On 09/18/2017 05:08 AM, Michal Privoznik wrote:
https://bugzilla.redhat.com/show_bug.cgi?id=1448268
When migrating to a file (e.g. when doing 'virsh save file'),
couple of things are happening in the thread that is executing
the API:
1) the domain obj is locked
2) iohelper is spawned as a separate process to handle all I/O
3) the thread waits for iohelper to finish
4) the domain obj is unlocked
Now, the problem is that while the thread waits in step 3 for
iohelper to finish this may take ages because iohelper calls
fdatasync(). And unfortunately, we are waiting the whole time
with the domain locked. So if another thread wants to jump in and
say copy the domain name ('virsh list' for instance), they are
stuck.
The solution is to unlock the domain whenever waiting for I/O and
lock it back again when it finished.
Signed-off-by: Michal Privoznik <mprivozn(a)redhat.com>
---
src/qemu/qemu_driver.c | 27 +++++++++++++++++++++++----
1 file changed, 23 insertions(+), 4 deletions(-)
I would think there'd be more concern about dropping the lock in the
middle and something changing that could more negatively affect things.
There's such a delicate balance between Save/Restore processing now - if
you adjust the locks that could mean simultaneous usage, right?

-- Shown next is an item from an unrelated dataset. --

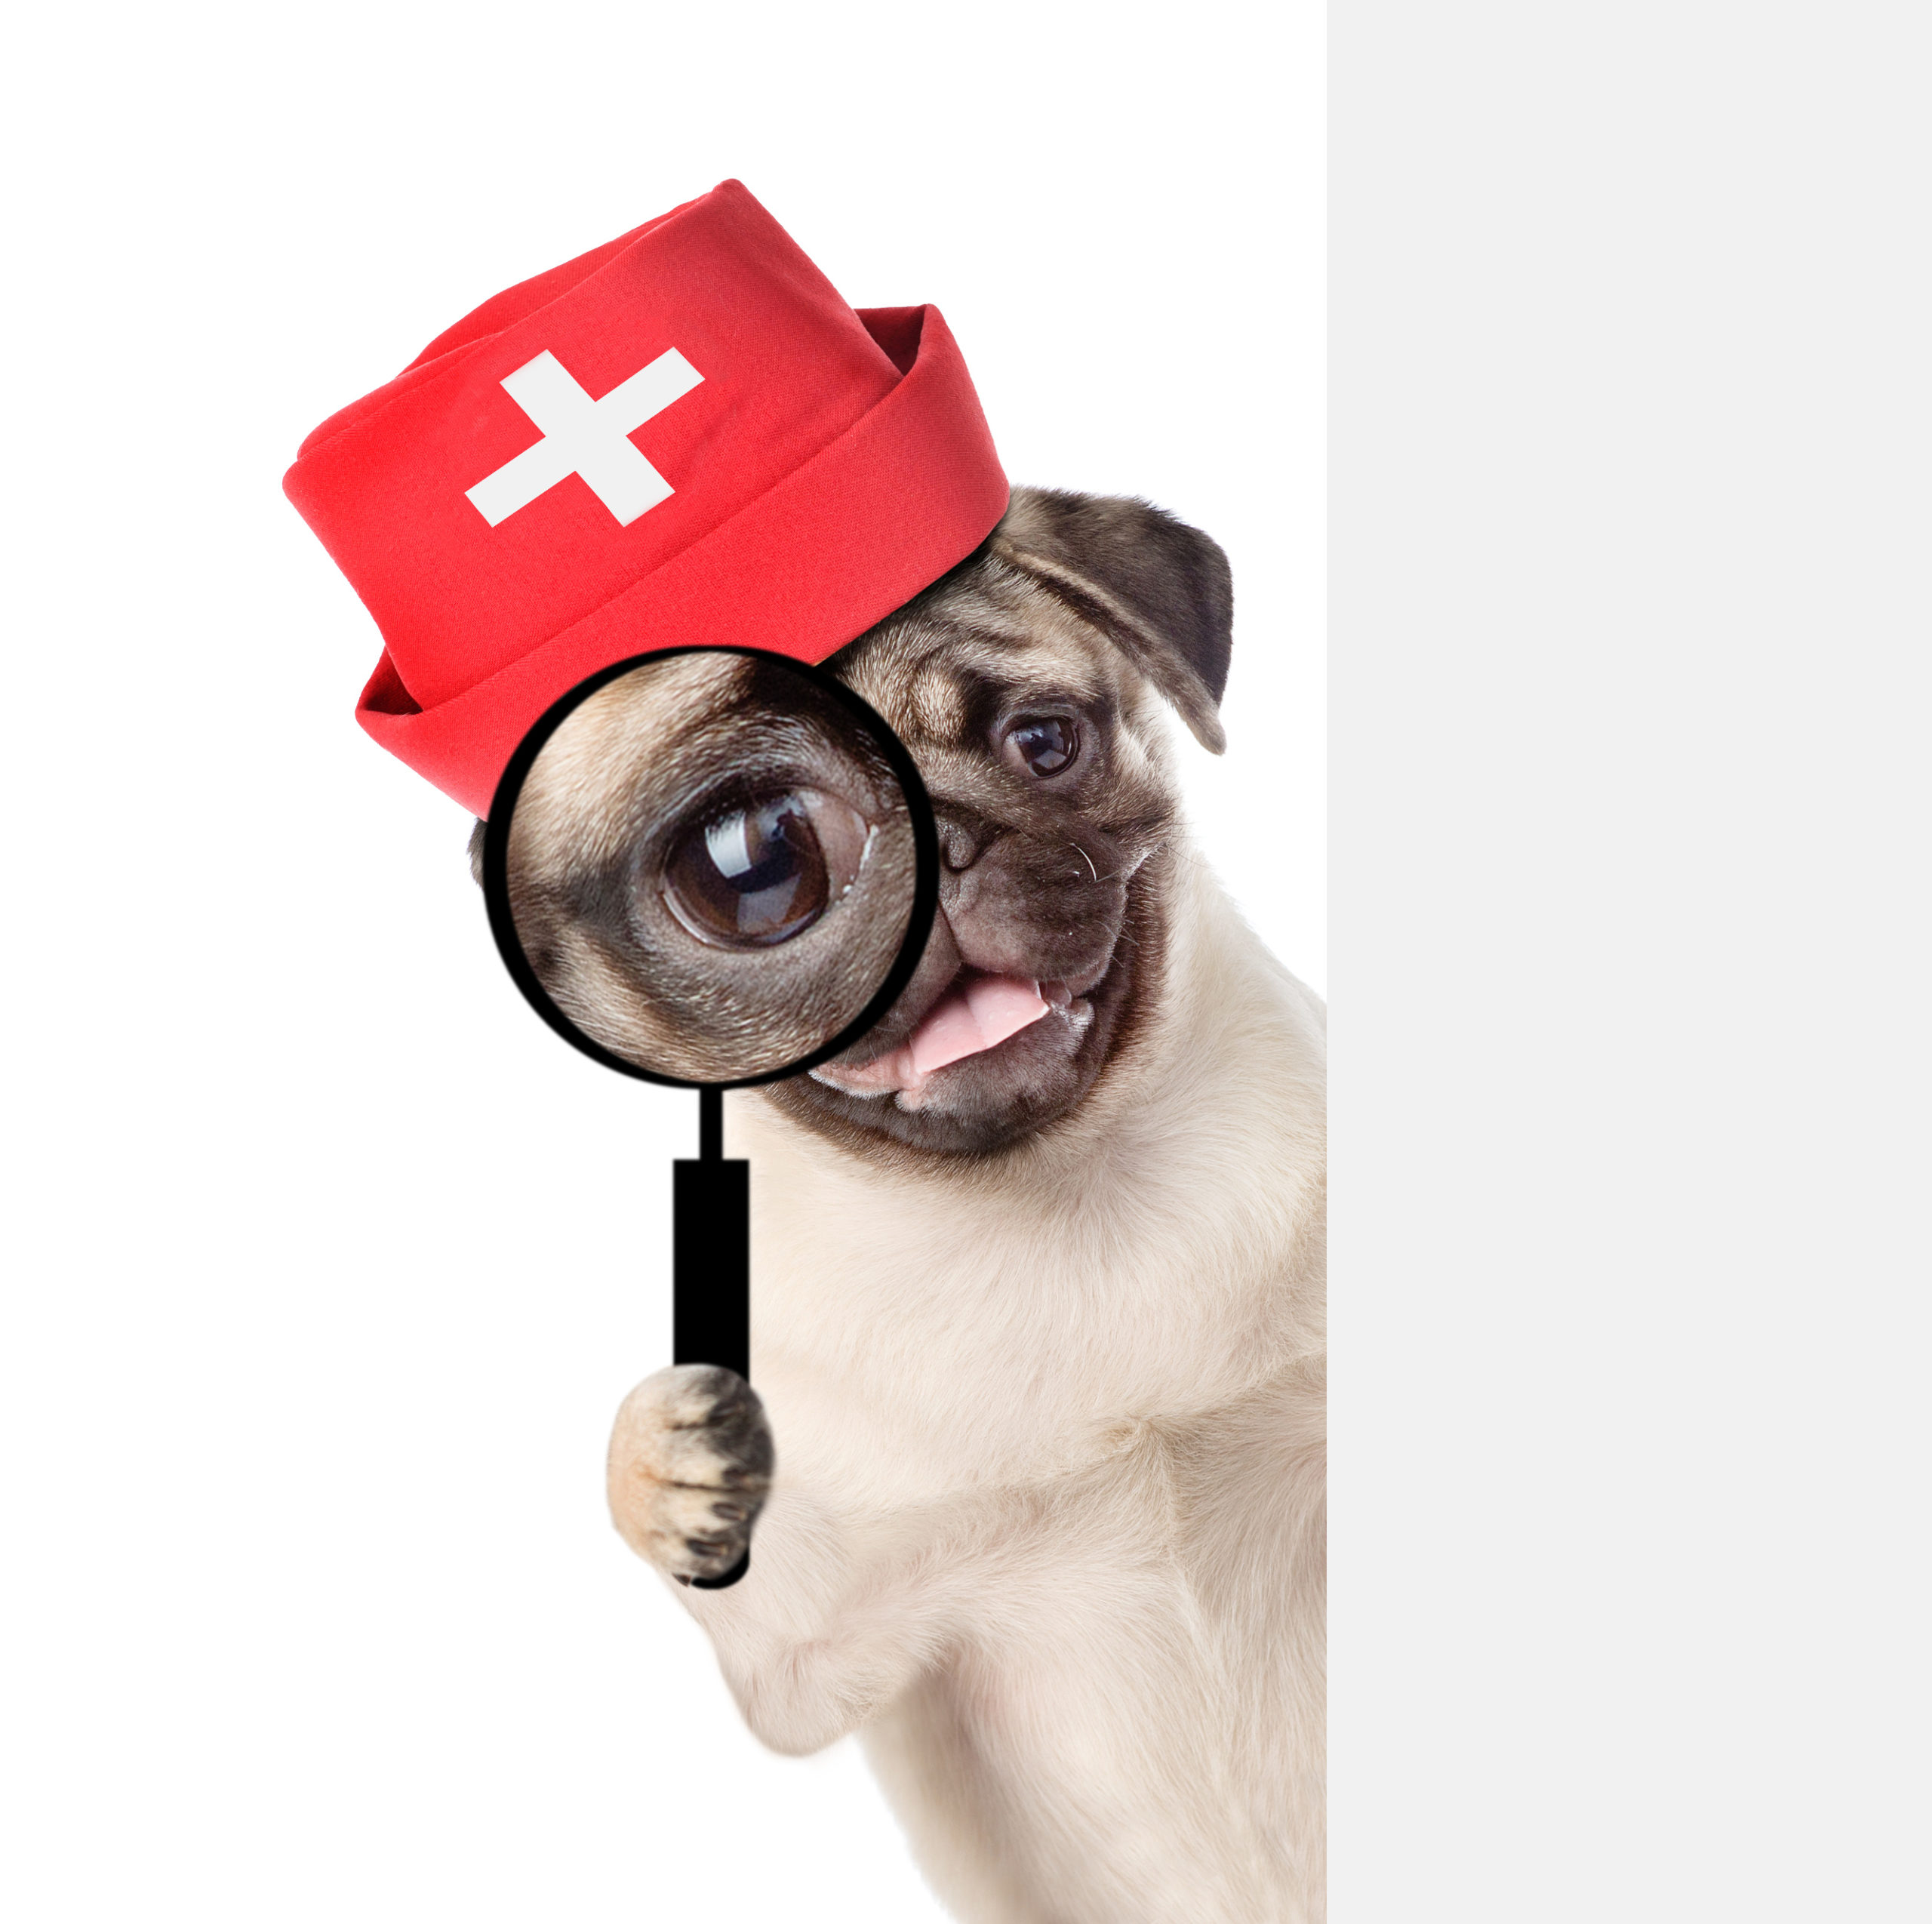 Pug with a magnifying glass

Perhaps thinking differently... Does the virdomainobjlist code for
Collect, Filter, Export really need to obtain the domain obj write lock?

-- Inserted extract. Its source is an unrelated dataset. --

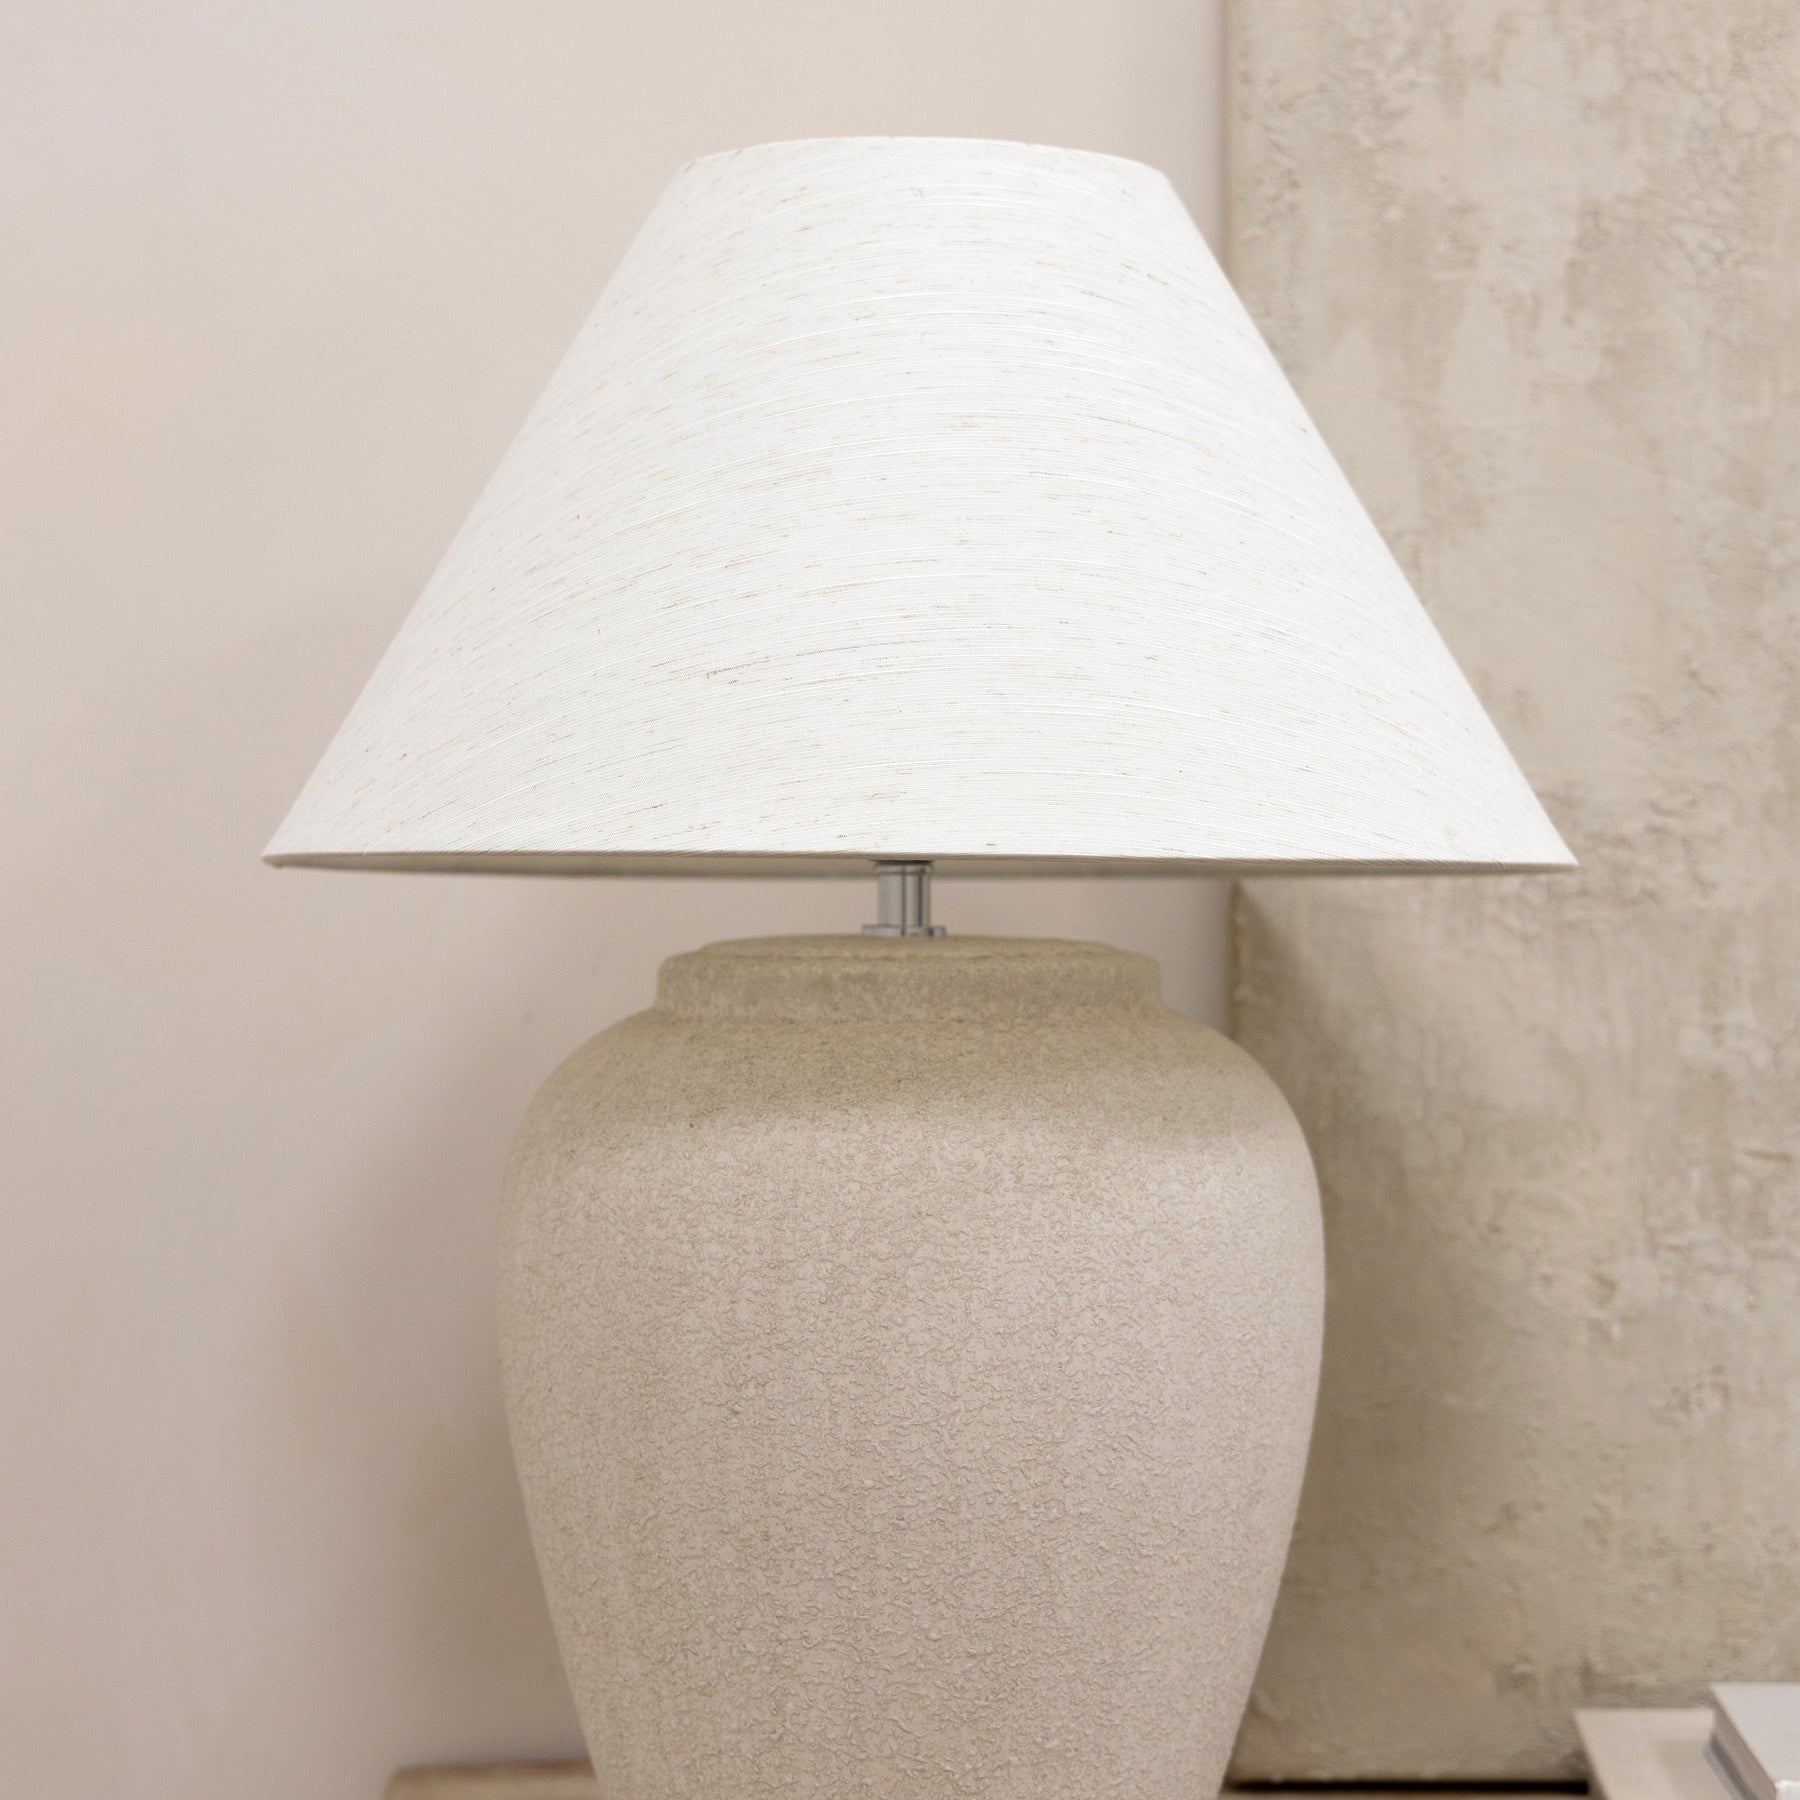 Detail shot of Stone Ceramic Coolie Shade Table Lamp - off

If Export is but a "snapshot in time", then using virObject{Lock|Unlock}
perhaps isn't necessary in any of the @vms list processing. Since
virDomainObjListCollectIterator sets a refcnt on the object it cannot be
freed. Beyond that any state checking done in virDomainObjListFilter is
negated because the lock isn't held until the virGetDomain call is made
during virDomainObjListExport to fill in the returned @doms list. It's
quite possible after *Filter to have the 'removing' boolean get set
before the virGetDomain call is made. So what's the need or purpose of
the write locks then?
If the object locks are removed during Export, then virsh list won't
freeze while other operations that take time occur. Since the RWLock is
taken on the list while @vms is created, we know nothing else can
Add/Remove to/from the list - thus *that* is our snapshot in time.
Anything done after than is just reducing what's in that snapshot.
It's "interesting" that the domain export list uses a very different
model than other drivers... That loop to take a refcnt on each object w/
the Read lock taken is something I could see duplicated for other
drivers conceptually speaking of course if someone were to write that
kind of common processing model ;-)
John
FWIW: The "older" processing model to get the Num of domains followed by
getting a list of domains could continue to do the locking... although
that code could use a cleanup too, but that's a different issue.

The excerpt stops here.